Task statement:
Exact repetition of a range: find the line containing "Comfort Inn &" and the line containing "transparent download Button" in the material below, then repeat both and all lines between them, leaving pictures out.

Records for the task:
================================
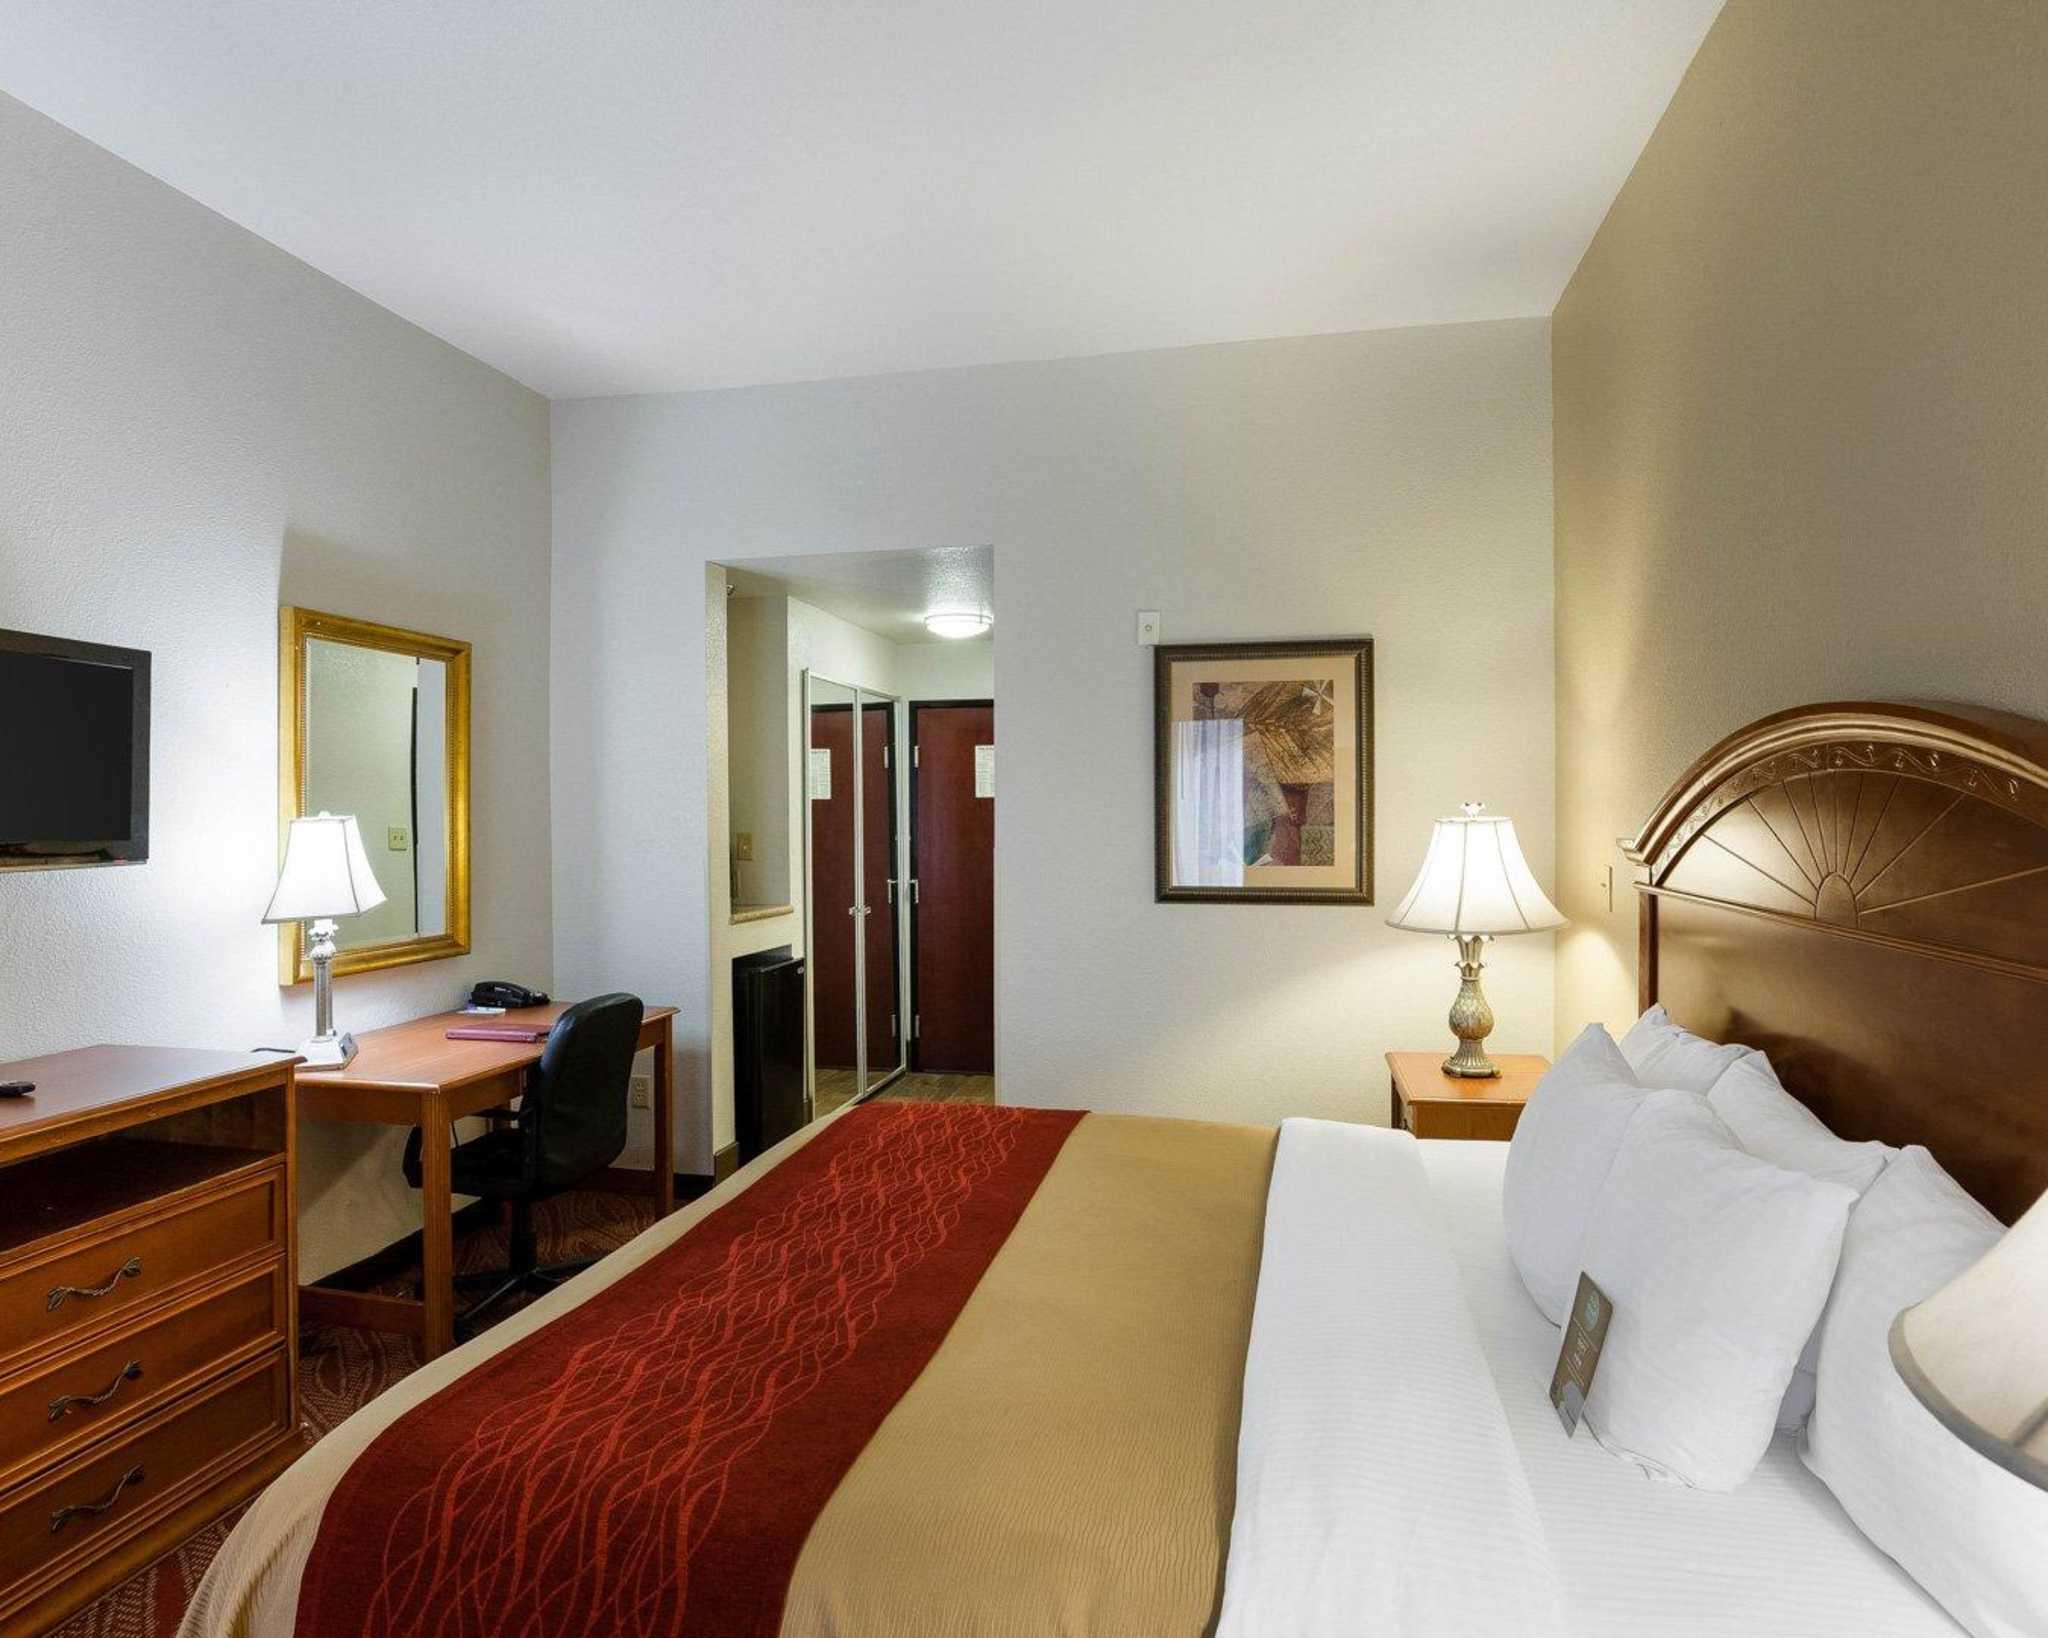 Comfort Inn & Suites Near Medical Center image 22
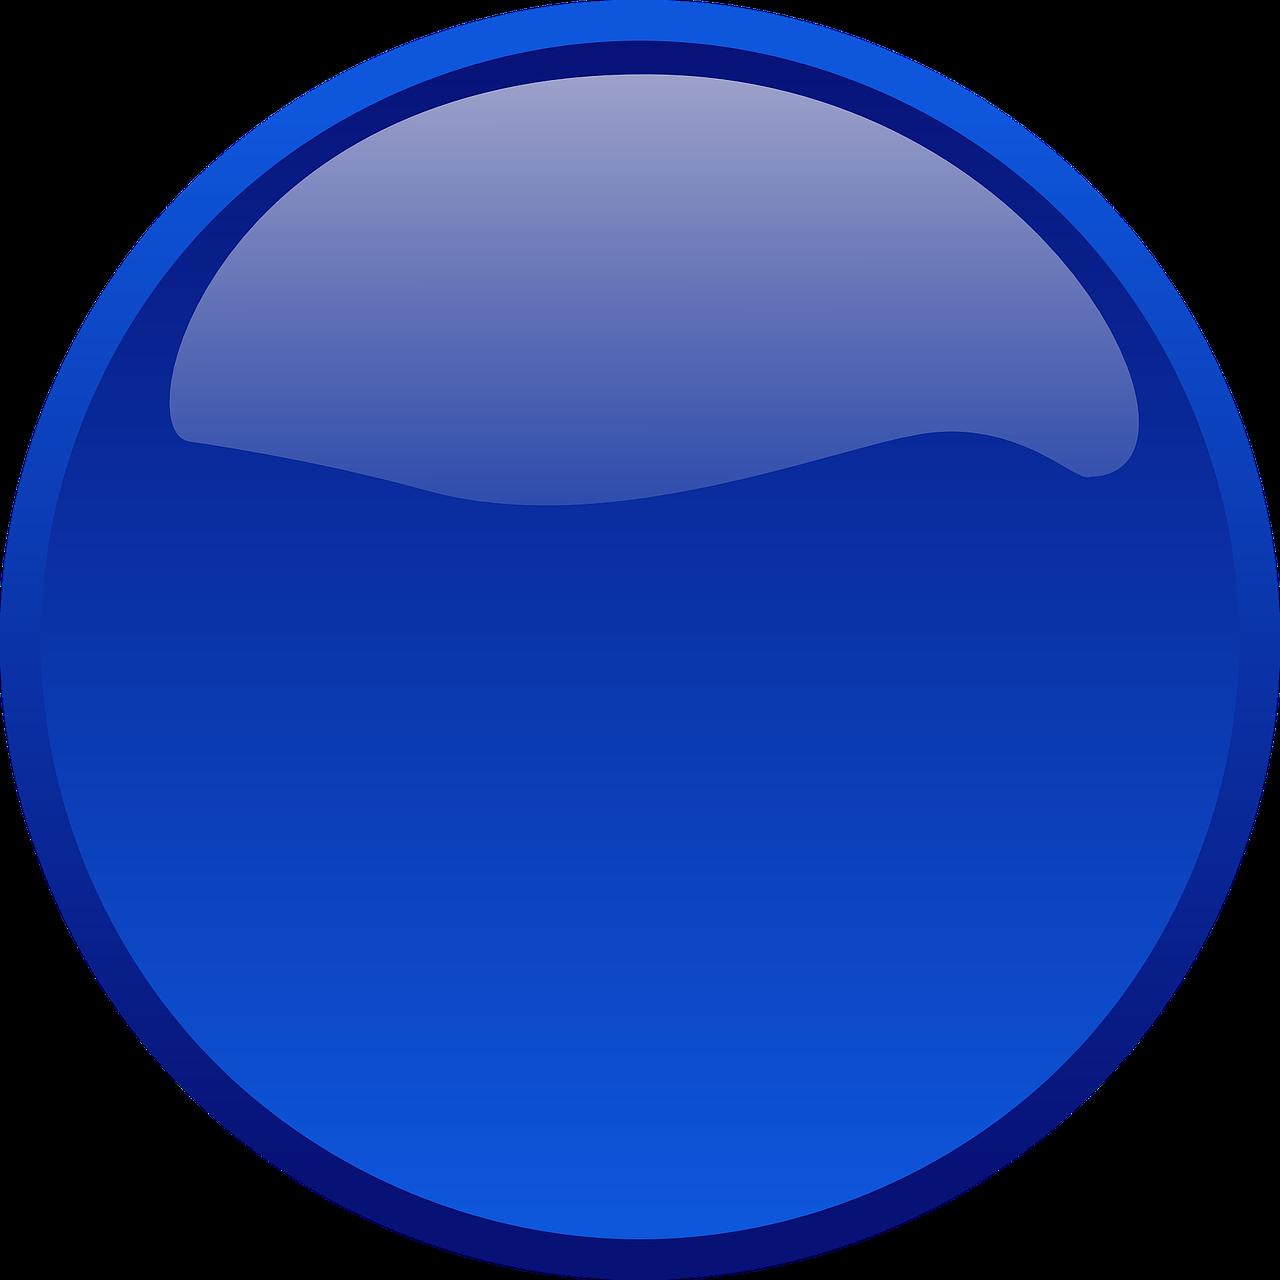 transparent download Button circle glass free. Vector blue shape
================================
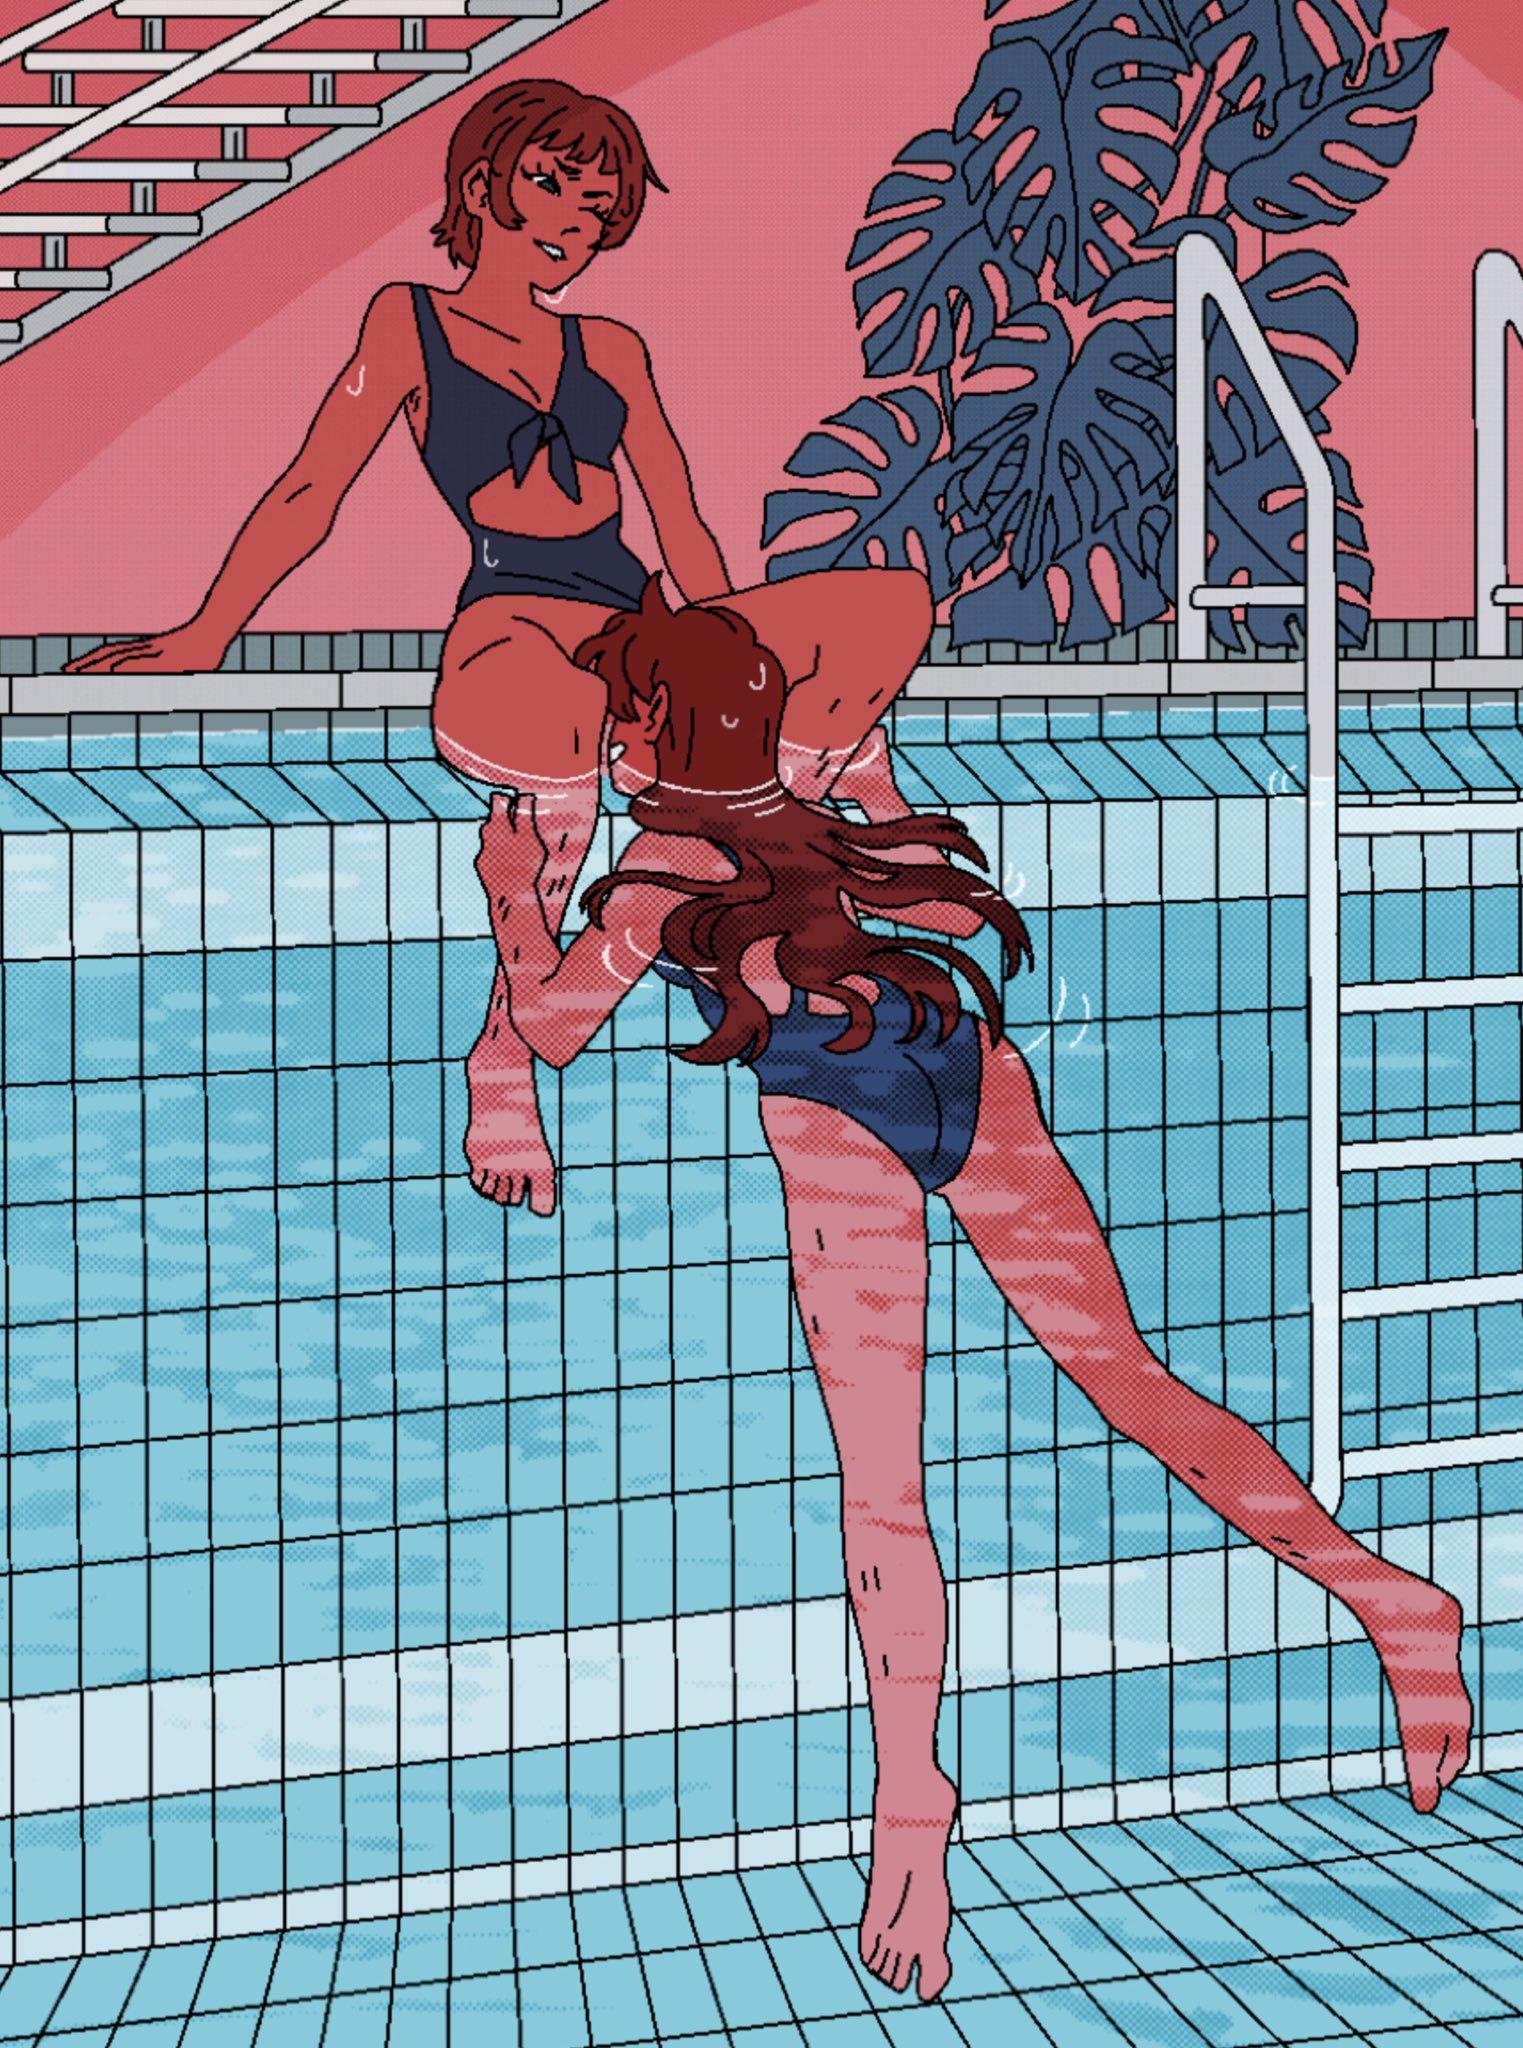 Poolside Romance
================================
Result of the exercise:
 Comfort Inn & Suites Near Medical Center image 22
 transparent download Button circle glass free. Vector blue shape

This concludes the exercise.